Cloud Infrastructure Engineer, Monitoring and Observability
Remote - St. Louis Park, Minnesota, United States
We are looking for a Cloud Infrastructure Engineer for our Monitoring and Observability efforts. This role is responsible for leading development, deployment, and operation of systems for collecting/storing/visualizing metrics, distributed logging, monitoring, alerting, and tracing. You will work closely with our engineering teams to design and build the next generation of systems monitoring infrastructure to deliver availability, performance, and efficiency at scale.
This position will lead technical efforts for implementing a platform-wide monitoring and observability program to be leveraged by the legacy platform and new microservices as they are stood up. This role is critical at this inflection point of our growth to both being able to quickly identify and remediate problems as well as to establishing and reporting on key success metrics for platform health and growth. The work you do will empower tens of thousands of financial services leaders to help their customers make critical financial decisions that shape their lives.
Exciting work you’ll do:
- Perform deep dives into system and latent reliability issues, service performance, and capacity modeling; work across the organization to produce and roll out fixes.
- Identify opportunities to improve automation; scope and create automation for deployment, management, and visibility of our services.
- Analyze complex problems in the application space relating to resilience.
- Create operational tooling for monitoring and self-healing infrastructures.
- Write libraries and APIs that provide a simple, unified interface to other developers when they use our monitoring, logging and event processing systems.
- Help guide architectural decisions and direct solutions that enhance our product reliability.
- Partner with development to identify anti-patterns and create fallback experiences to critical scenarios.
What we look for:
- Experience building and deploying monitoring and observability systems.
- Interest in learning/vetting new technologies.
- 2+ years of experience with enterprise level infrastructure designs, implementation, and support
- 2+ years of experience working in an AWS environment.
- 2+ years of experience with application monitoring tools
- You are an experienced developer and comfortable with PHP and Python.
- A degree in computer science, software engineering, a related field, or equivalent work experience
- Systematic problem-solving approach coupled with a strong sense of ownership and drive.
- A passion for creating performant, reliable, and scalable applications.
- Solid track record of building relationships and collaborating at all levels of the organization.
- Ability to work independently paired with a desire to learn and grow.
- Will thrive in high growth culture: Has a forward-thinking mindset, resilient, adaptable, and curious.
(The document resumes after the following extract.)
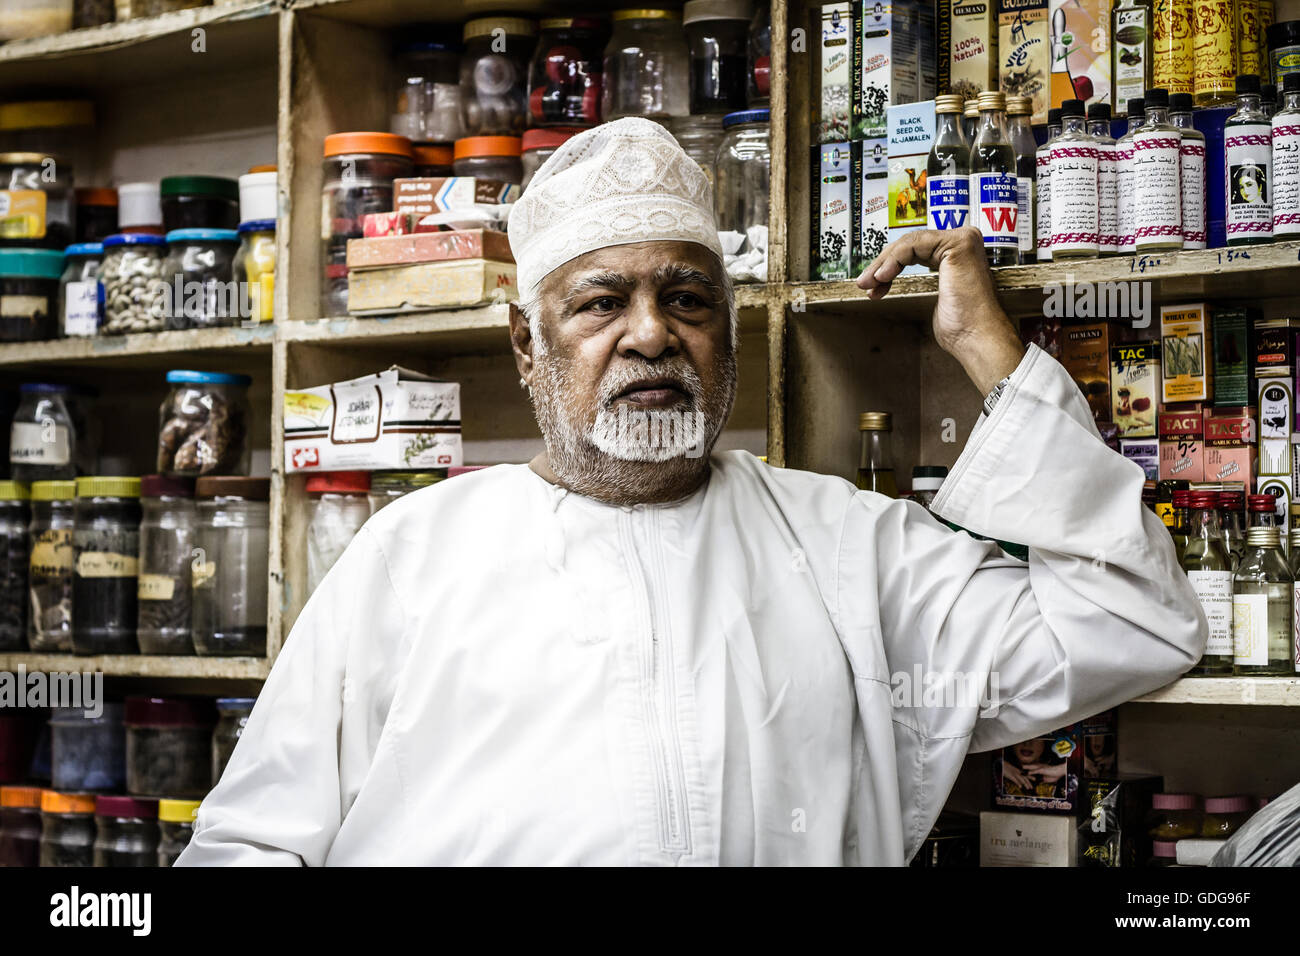 Spice Trader alten Muttrah Souk, Oman. Stockbild

- Strong verbal and written communication skills.
- Strong analytical and problem-solving skills.
Prefer experience with tools such as: InfluxDB, Datadog, New Relic, Promoetheus, Grafana
We believe that living a balanced life leads to more creativity and productivity. Here’s what you and your family get for helping us build what’s next.
- Medical, Dental & Vision Coverage
- Prescription Drug Coverage
- Health Advocate Program
- Flexible Time Off Program
- Health Savings Account Flexible Spending Accounts Disability Protection
- Life & Voluntary Life Coverage Voluntary Benefits
- Paid Parental Leave
- Pet Insurance
- 401(k) Retirement Savings Plan
- Employee Referral Bonus
Total Expert is a high-growth, venture-backed SaaS company who is the Experience Platform for the financial services industries. Hundreds of banks, credit unions, and lenders throughout the U.S. use our Experience Platform to create customers for life. We enable our customers to build more human connections by creating relevant, engaging, and meaningful customer experiences.
At Total Expert, we strive for excellence, innovation, and customer success in everything we do. We are determined to reimagine the way people and technology work together so that we can allow our customers to build more meaningful, human connections with their customers.
Simply put, we believe that we are all a part of building something awesome and are committed to creating a world-class team and culture to do it.